2) Runtime checking in compiler generated code. This is the method that is used in Java. This works but it is very slow.
3) Base and bounds register pair. Have one register point to base (area you CAN use), and another point to bounds (area you CANT use). Use hardware checks that all memory references fall between base and bounds. This is simple to implement. Below is a representation of base + bound register in a physical RAM.
Issues with base and bounds register pair
1) One would need to preallocate the needed RAM. It’s possible to grow RAM on the fly, but this is awkward and complex. This also makes it tough to use processes efficiently
2) Memory gets fragmented. It gets fragmented both internally and externally. An example of internal fragmentation is that users might ask for more RAM than they actually need, causing a lot of wasted space.
3) Apps can change their own base and bounds register. This would be severe problem, but it has a simple fix: make register access privilged.
4) Shared memory is not practical. Generally, processes can only access their own space.
4) Multiple base and bounds pairs. For example, have one base and bounds pair for read only text, one for read-write data, etc.
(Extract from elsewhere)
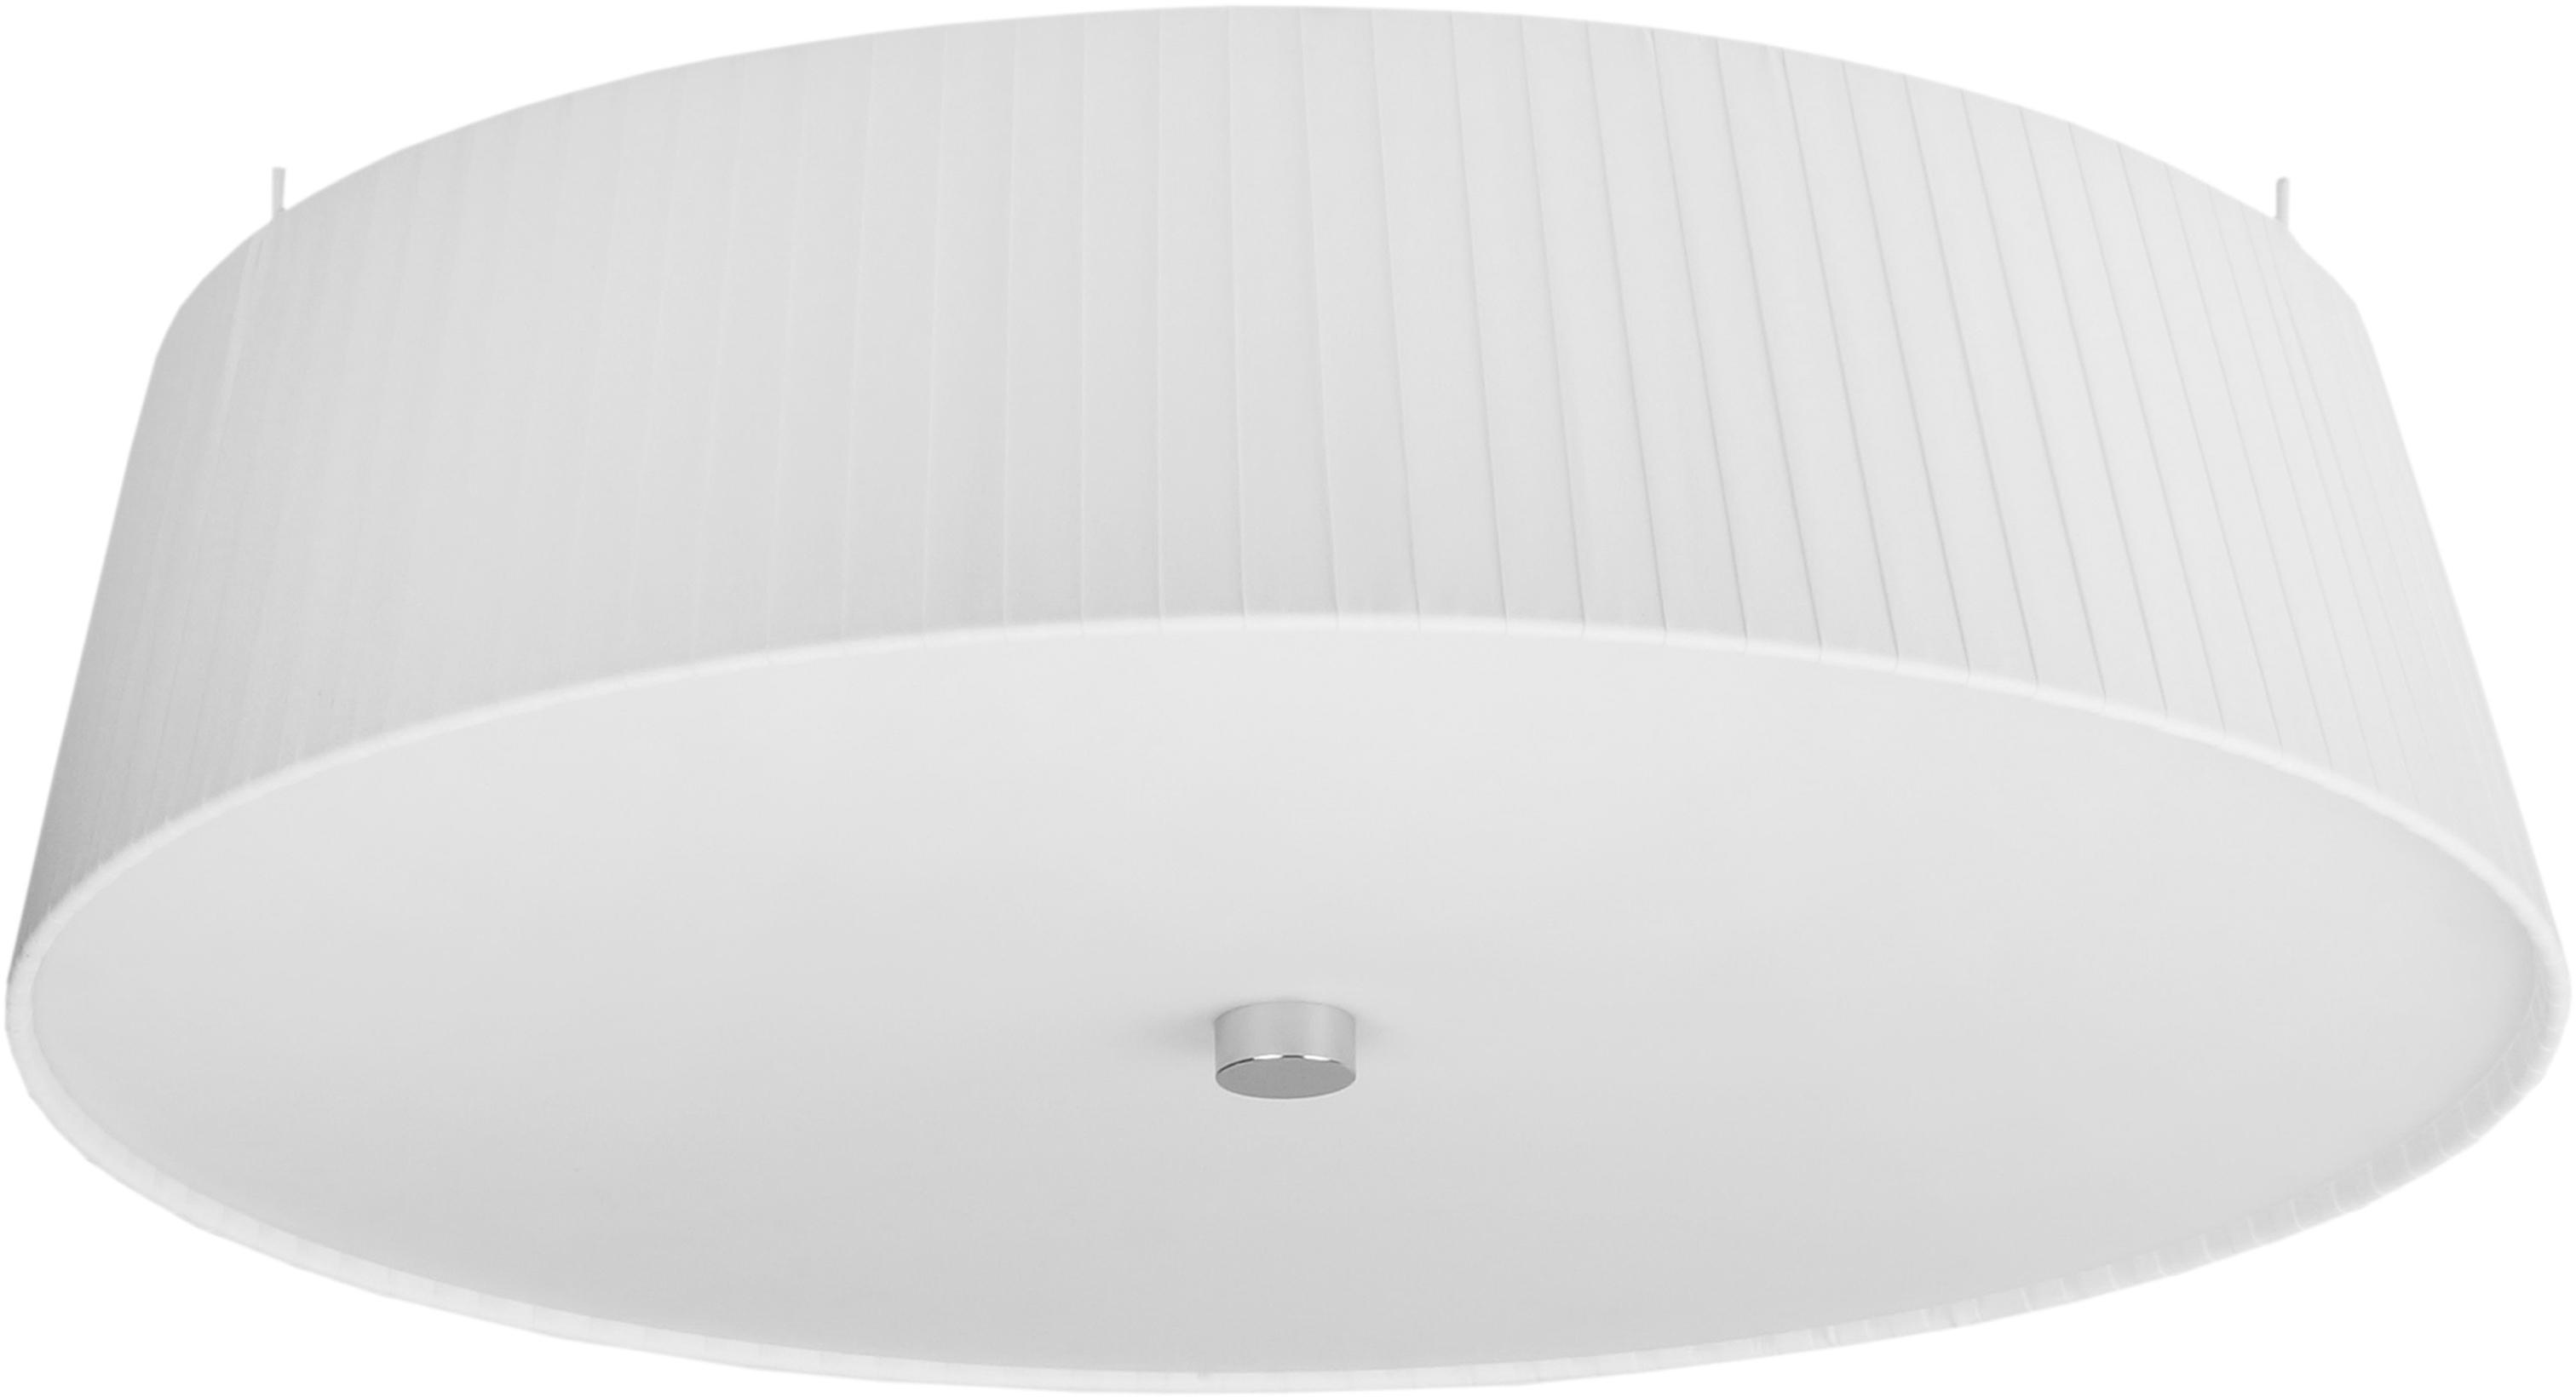 Plafondlamp Kami, Lampenkap: polyester, Diffuser: glas, Lampenkap: wit. Diffuser: wit, Ø 45 cm
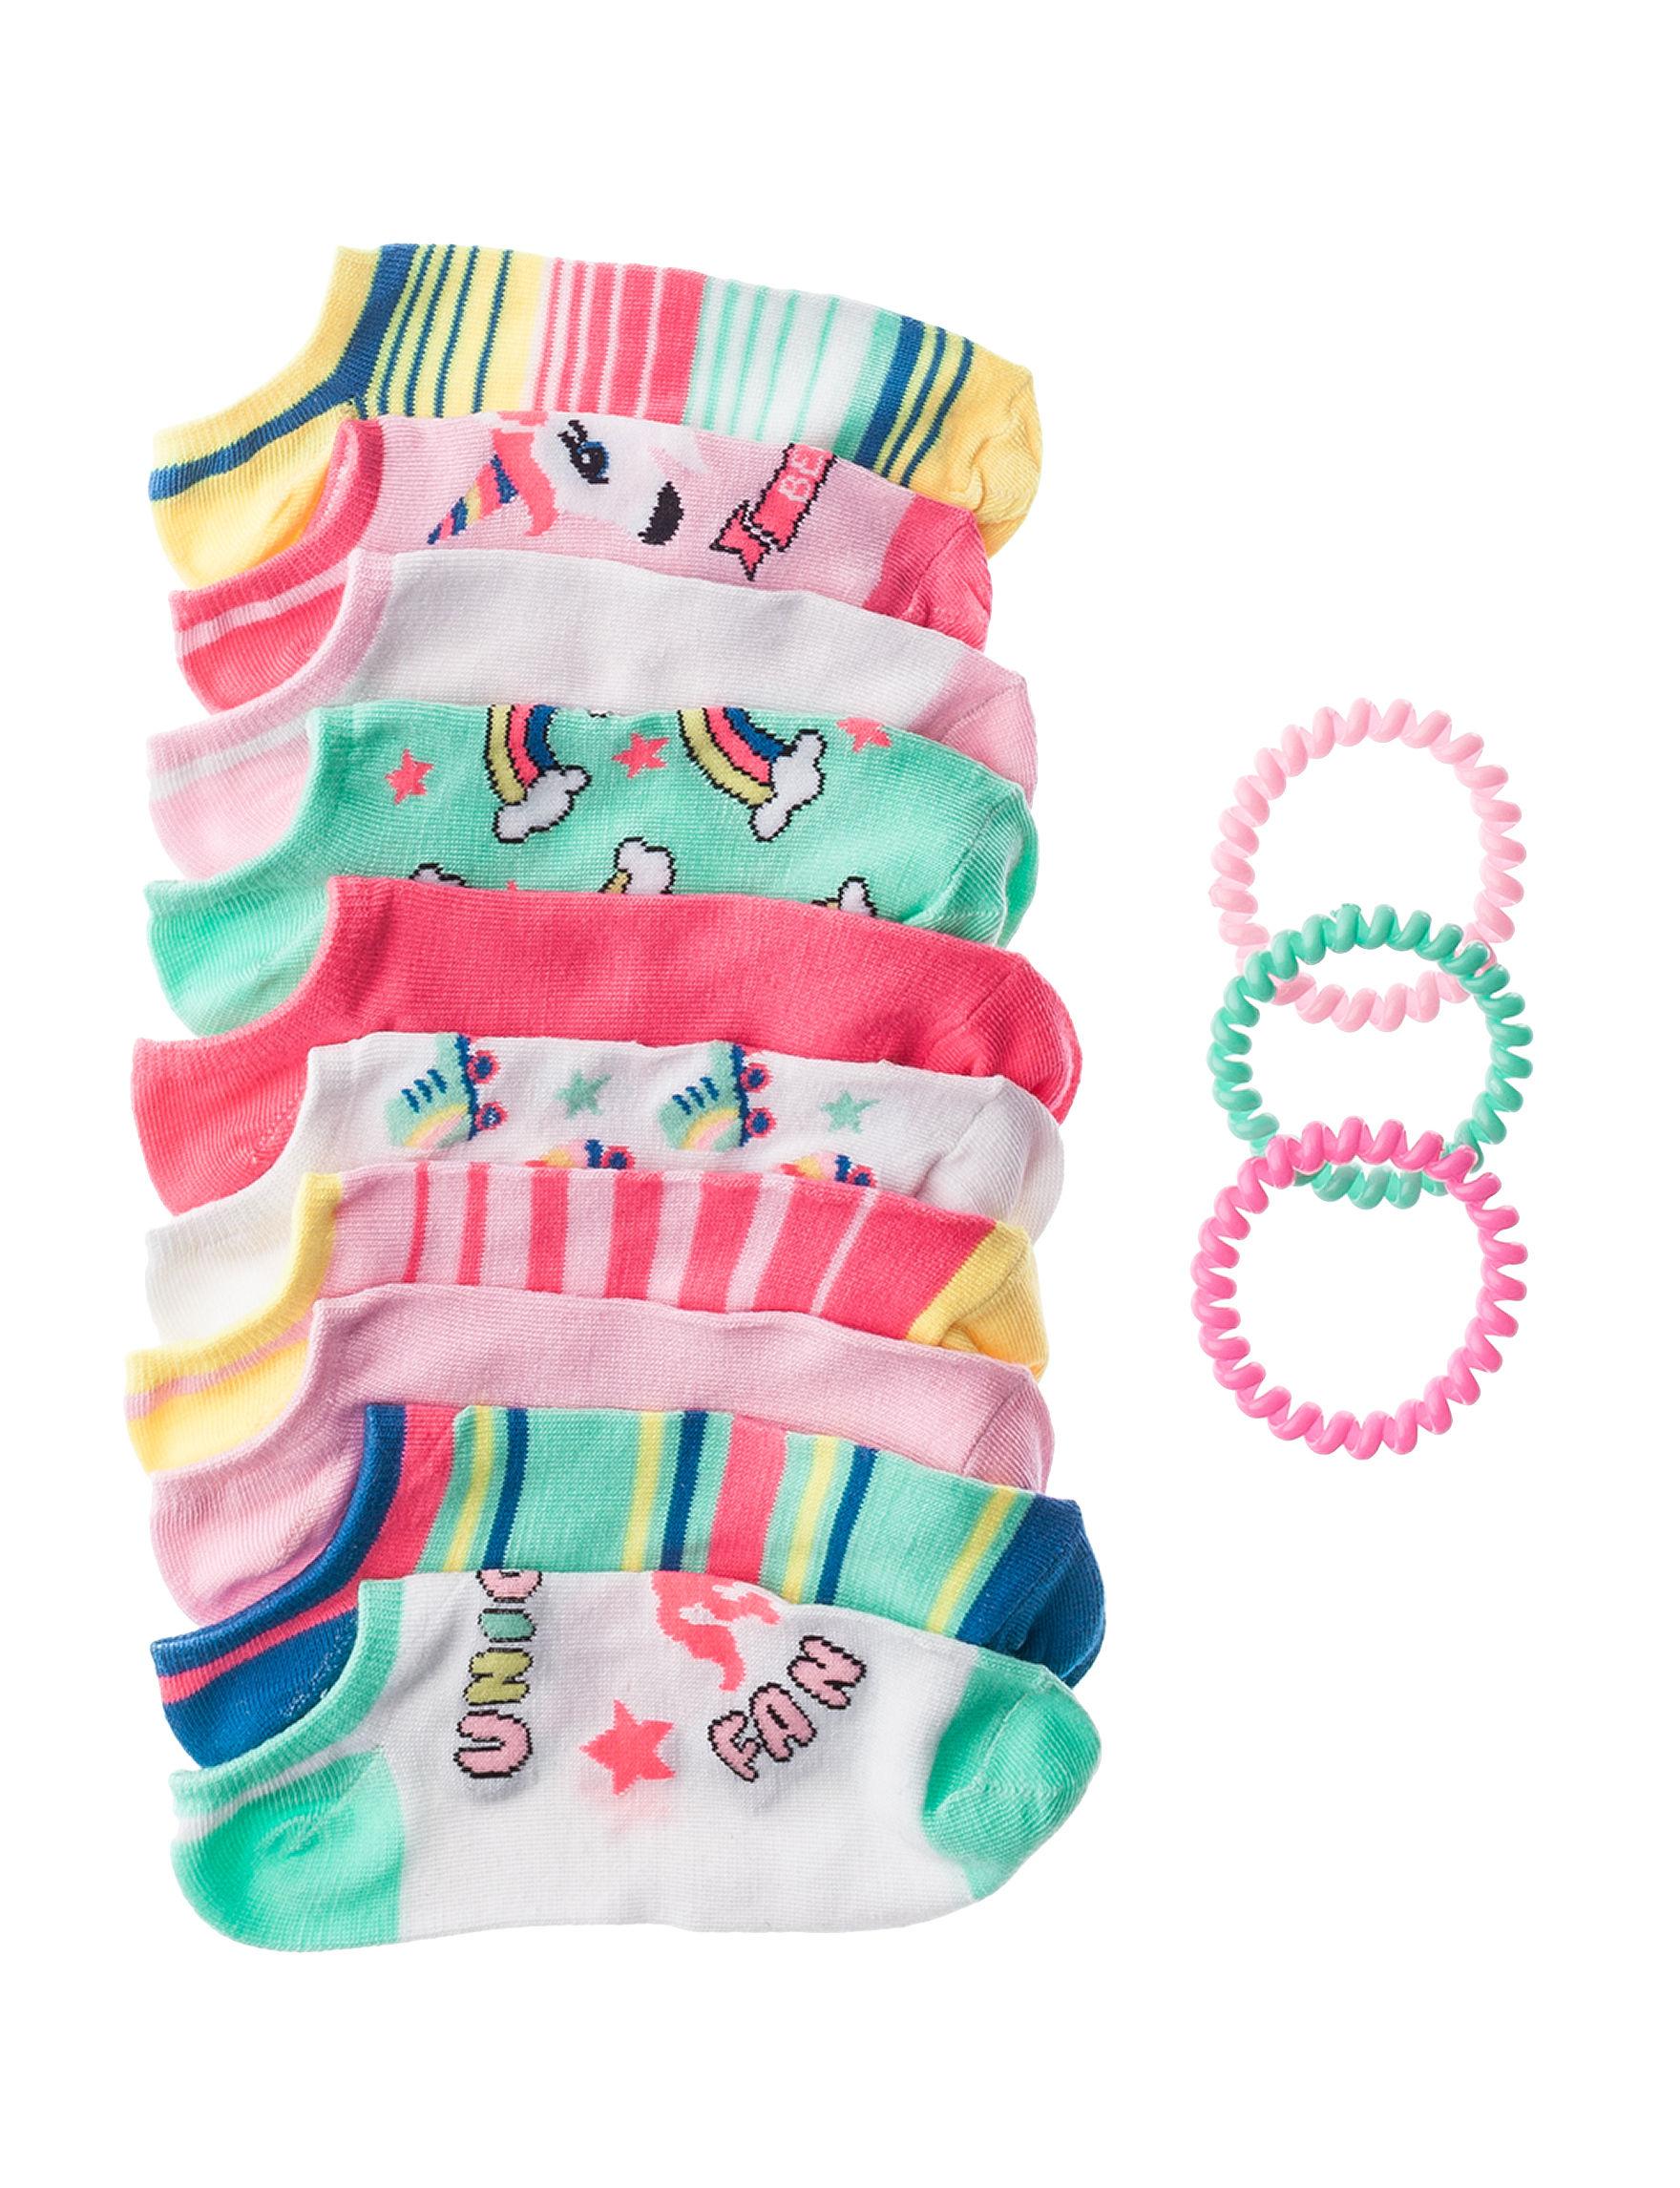 Charlotte & Co. Pink Socks

Issues with multiple base and bounds pairs
1) Need to allocate base/bounds for every command. For example, say you have text for ‘cat’ between 0x30000 and 0x40000. Now when you compile and link cat, you have tell the linker where cat’s going to execute. Fortunately, this has solutions. One solution is to make all commands use relative jumps. However, this solution requires a rewriting of many commands. Another solution is to use dynamic linking or patching.
2) Fragmentation - A segment can’t grow or shrink easily since they must be contiguous. One solution is to use fixed size pages.
Solution 1: Fixed size pages
One approach to this is for every 64-bit virtual address to have the first 16 bits be a segment number and the last 48 bits are the offset into the segment. This still leaves the fragmentation problem. We can't grow / shrink segments easily because they have to be contiguous.
We want to solve the fragmentation problem the same way we did it in file systems. Break memory into fixed size pages. There might be some internal fragmentation still but it's not a big issue. An example size page is 4KiB.
The page number is used as an offset into a page table, and the page table holds pointers that point to the physical address. We also want a way to indicate in the page table that a page doesn't exist. This requires hardware assistance. Every time we do a load / store we present a virtual address to the hardware, it will map through a page table to find the actual physical address. This would be too slow in software which is why it needs to be done with help from hardware.
(An illustration of fixed size page)
Solution 2: Software emulation of 2-level page table
// This is a C implementation of a 2-level page table pmap function
size_t pmap(size_t va){
int offset = va&(1 <<12) - 1;
int lo = va >> 12 & (1 << 10) - 1;
int hi = va >> 22;
size_t *l0page = PAGETABLE[hi]; //privileged register %cr3
if (l0page == FAULT){
return FAULT;
}
size_t *l1page = l0page[lo];
if (l1page == FAULT){
return FAULT;
}
return l1page + offset;
}
What happens if hardware FAULTs due to bad page table entry (PTE)? It can trap. Also, the kernel can terminate the process, send SIGSEGV to the process, and arrange for the accessed page to be loaded into RAM. This can help extend RAM.